が、派手な音のせいで、なんだなんだと人々が集まり始めていた。


「どうした?けんかか?」


「よくみろ、あの男・・・ドーヴァー子爵だ」


「ああ・・・放蕩者で有名な」


「酒でも飲みすぎたんだろう」


「妃が怯えているようだぞ、手を出そうとでもしたのか」


「ありえるな・・・あの男なら」


心配して見に来た貴族達も、落ちたのが彼だとわかって眉をひそめた。

恥をかいたドーヴァー伯爵は、わなわなと震えていた。リリーとモーゼット伯が彼に厳しい目を向けるなか、チャールズが間に入った。

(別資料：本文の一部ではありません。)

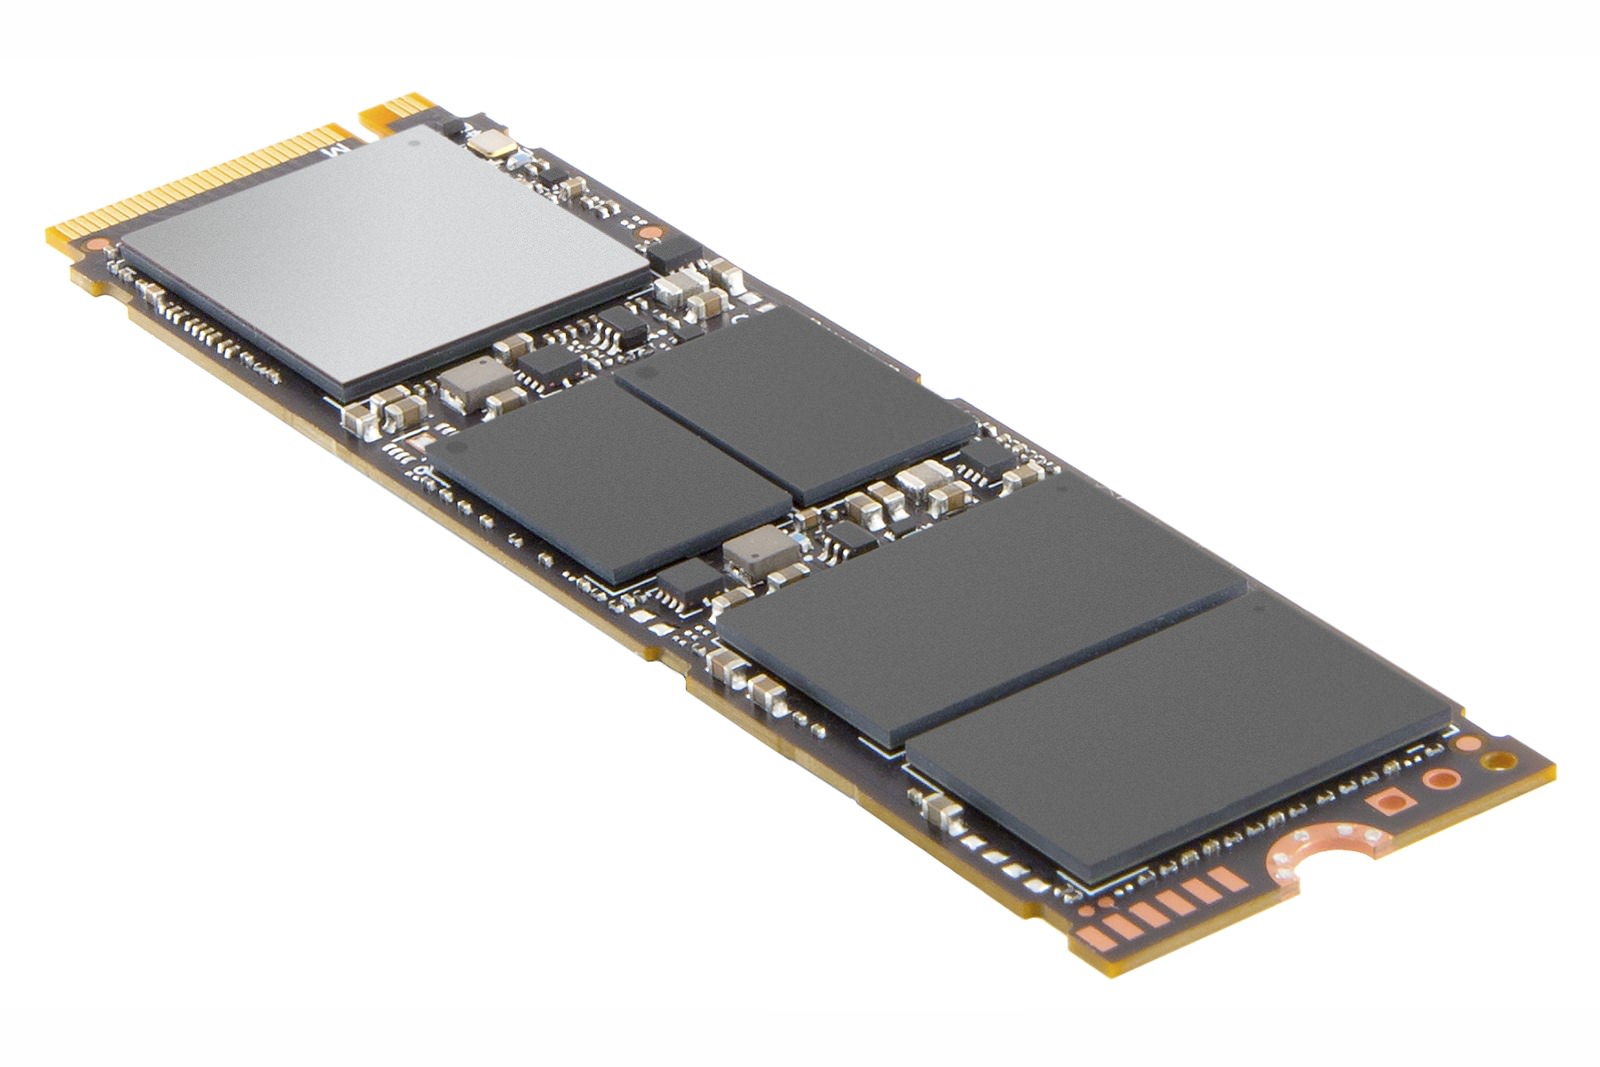 Intel SSD Pro 7600p SSDPEKKF256G8X1 256GB M.2 80mm - image 1 of 1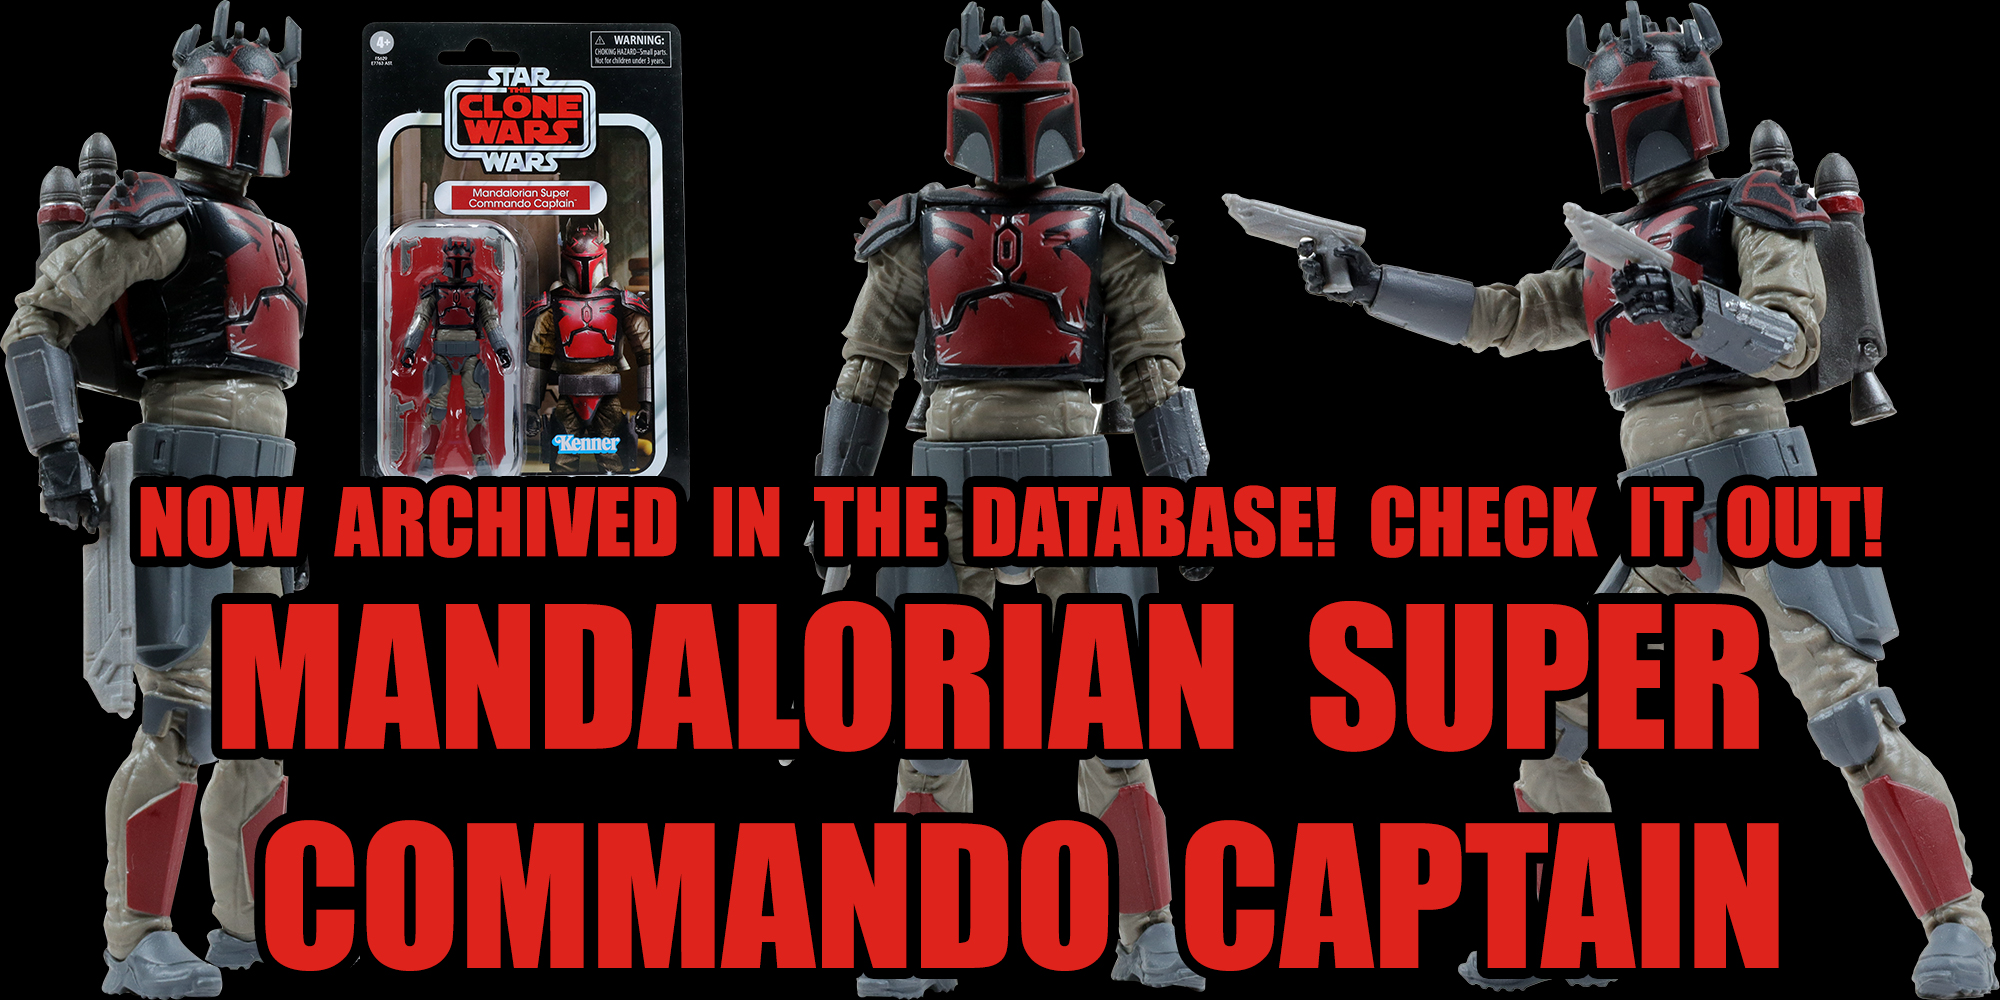 Mandalorian Super Commando Captain

「さあ、どうぞこちらへ。新しいお召し物を用意させますので、どうぞお帰りください」


恐ろしい顔でリリーをにらみつけたあと、彼は大人しくチャールズに従って城へと向かった。




「ねえ、見ました?あの男とリリーのやりとり」


 興奮気味のジェローム夫人に、悠然と后はこたえた。その目は獲物をみつけた猫のようにらんらんと光っている。


「ええ。見たし、聞いたわ。ジェローム夫人、彼にあいにいってちょうだい。帰る前につかまえるのよ。わかるわね?」


 ジェローム夫人はうなずいて、その場から消えた。